> WHAT YOU NEED TO DO
Only one stretch of the records below should be repeated. It starts with the line containing "Best Wallpaper High" and goes on through the line containing "千成屋珈琲 大阪・新世界 ミックスジュース発祥の喫茶店がかつての雰囲気を残したまま再オープン", exactly as written.

> AVAILABLE DATA
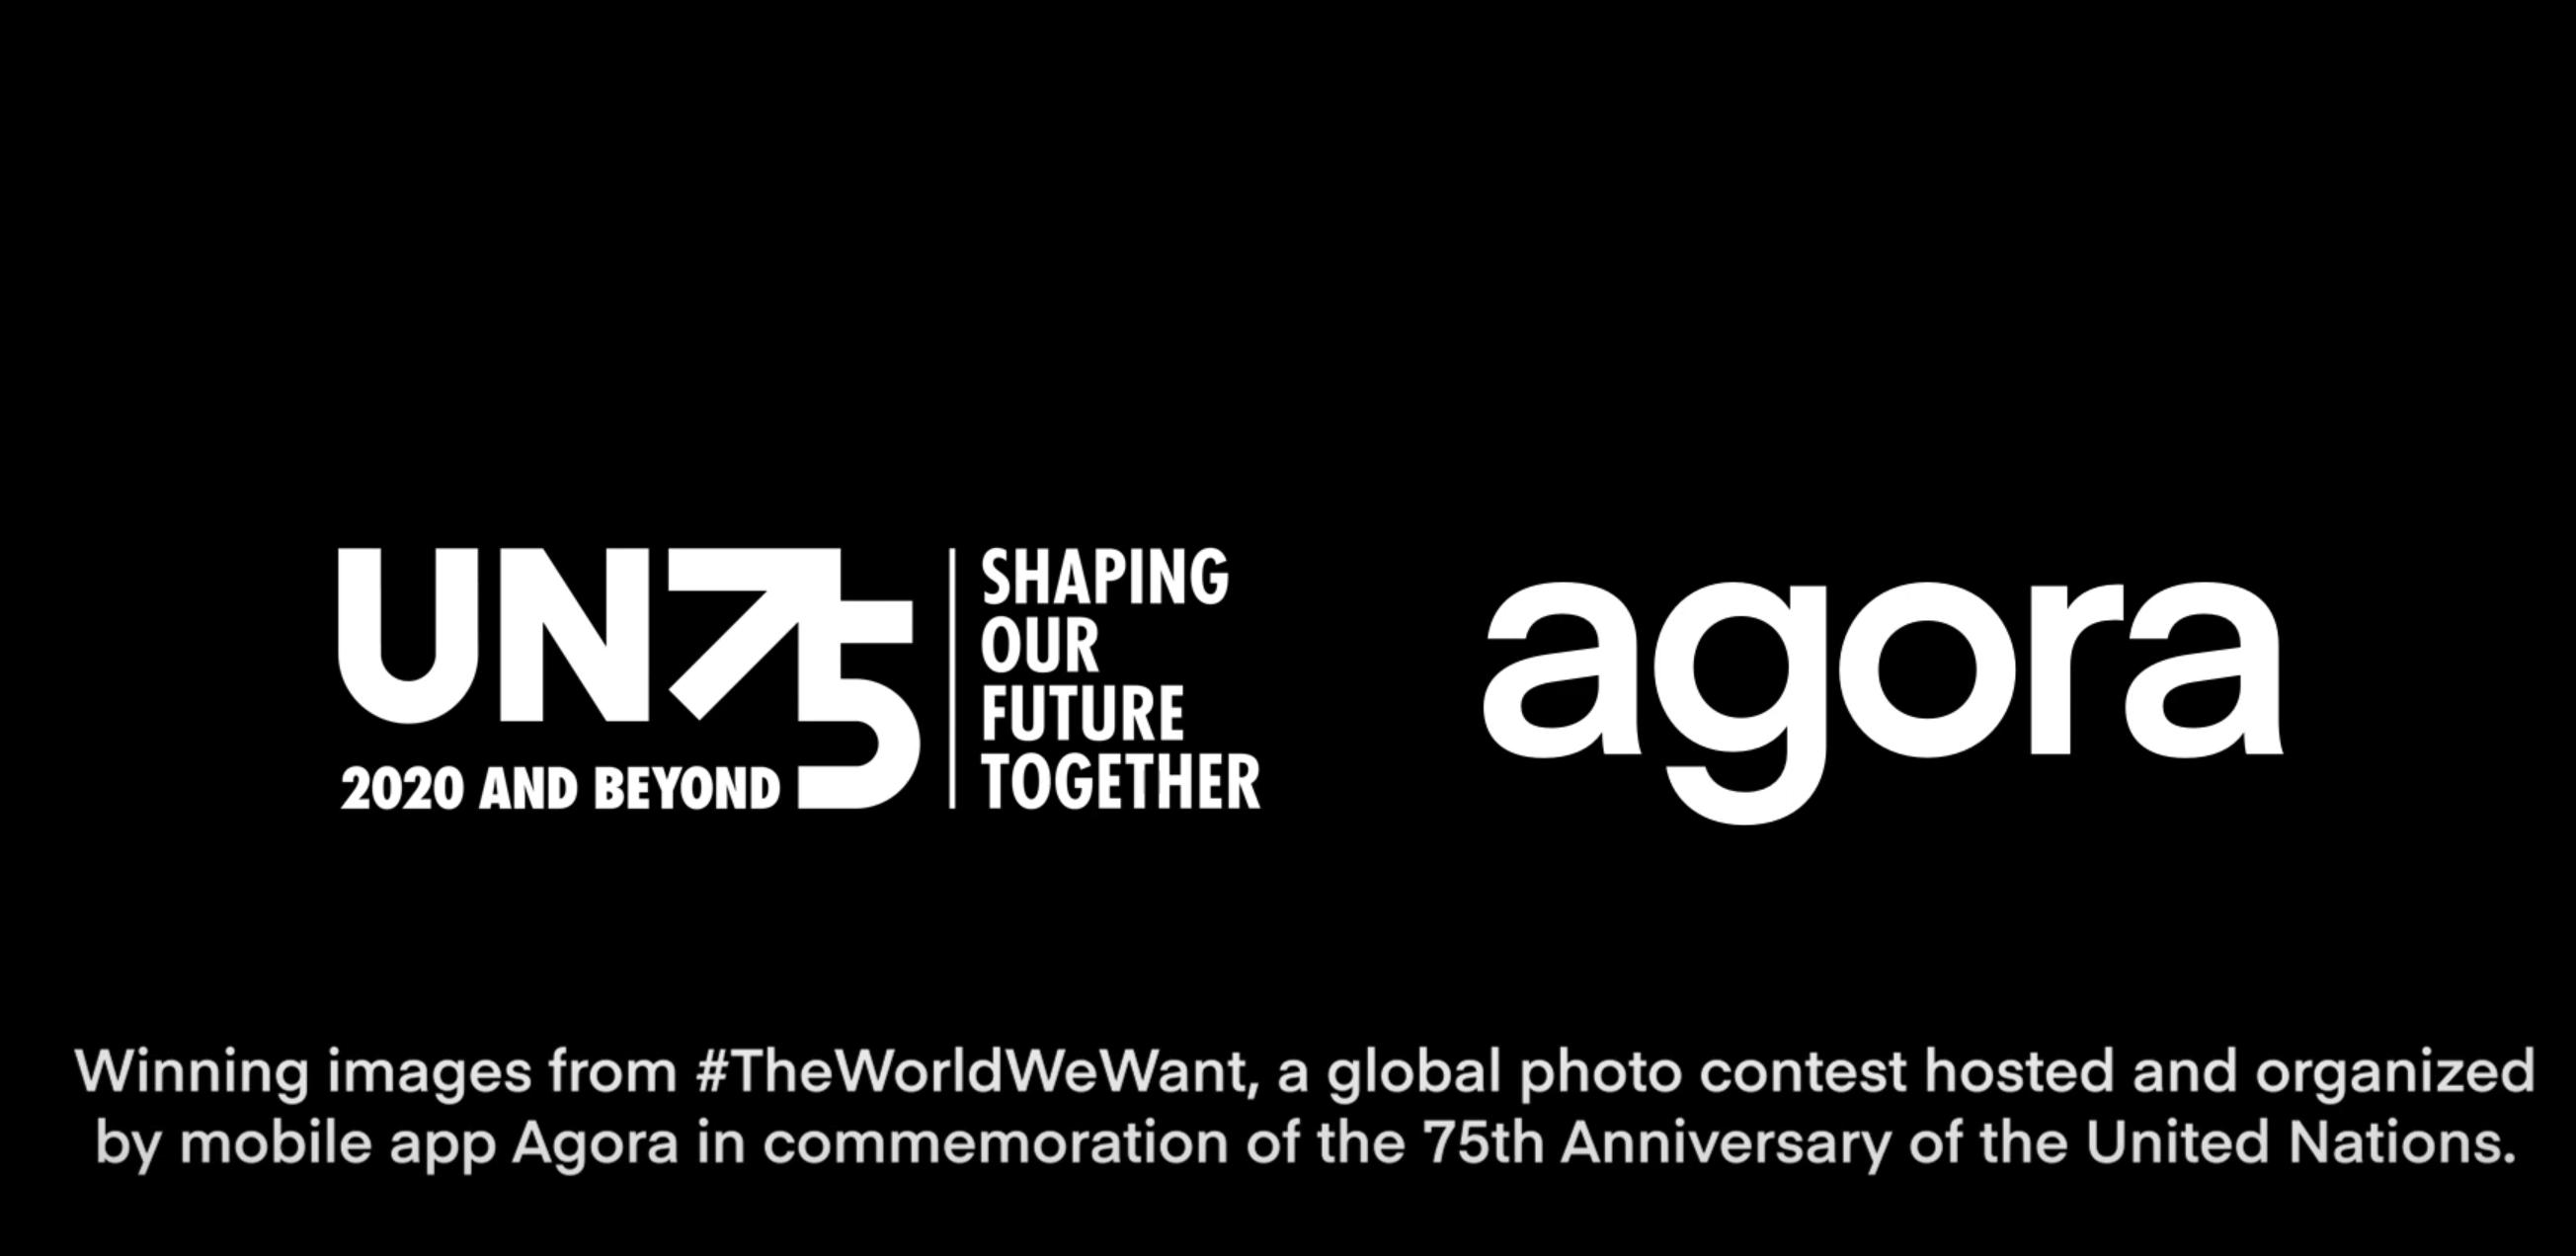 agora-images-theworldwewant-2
* * *
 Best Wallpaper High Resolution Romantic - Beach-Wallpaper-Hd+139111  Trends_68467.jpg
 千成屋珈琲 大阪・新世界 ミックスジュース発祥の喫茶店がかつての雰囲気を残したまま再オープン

> REPLY TO THE EXERCISE
 Best Wallpaper High Resolution Romantic - Beach-Wallpaper-Hd+139111  Trends_68467.jpg
 千成屋珈琲 大阪・新世界 ミックスジュース発祥の喫茶店がかつての雰囲気を残したまま再オープン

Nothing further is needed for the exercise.